For nearly 50 years, a small cluster of low-rise Housing Board flats have stood in the heart of Siglap, alongside posh condominiums, stylish restaurants and pricey landed homes.
In about two years' time, these four blocks at the junction of Siglap Road and East Coast Road will be demolished under the Selective En Bloc Redevelopment Scheme (Sers).
And they will take a small slice of Singapore history with them.
On the first day of Chinese New Year in 1962, a fire razed 50 attap huts on the site. The flats were built to house affected residents, and were officially declared open in 1964 by Mr Rahim Ishak, then the assemblyman for Siglap.
The beige-and-brown development still looks the same today. It has never been upgraded and has no lifts. But it retains much of its old-world charm that residents like social welfare worker Mary Lee, 54, will miss when the bulldozers finally arrive.
"This place is very quiet and very peaceful. I will miss this place because I go to East Coast Park for exercise every day and the food here is very nice," she said.
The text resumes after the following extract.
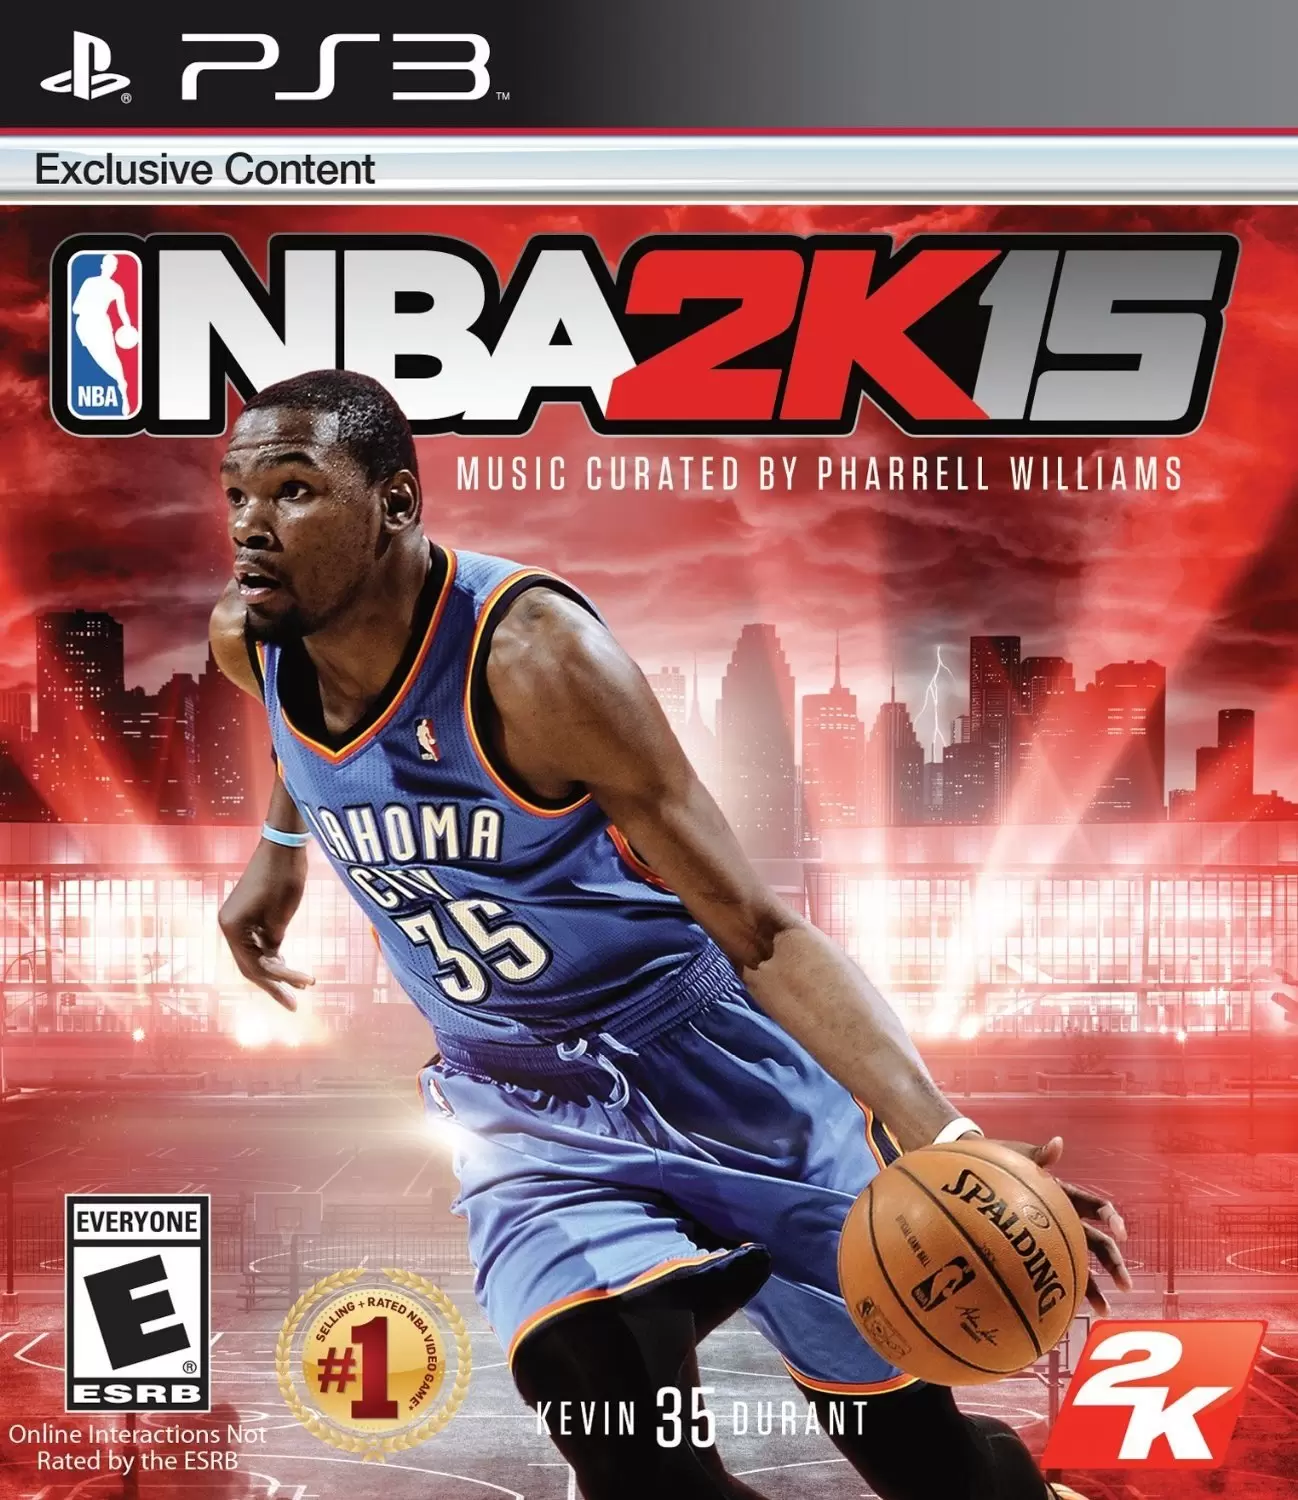 PS3 Games - NBA 2K15

Almost all of the 117 flats are tiny two-room units, served by a single staircase in each block. A third of the flats are rental units.
Under Sers, the current flat owners have been given priority to buy new flats in Chai Chee Road at subsidised prices.
But for the shopkeepers, some of whom have plied their trades at the ground level of these flats since the 1960s, it is the end of a long road.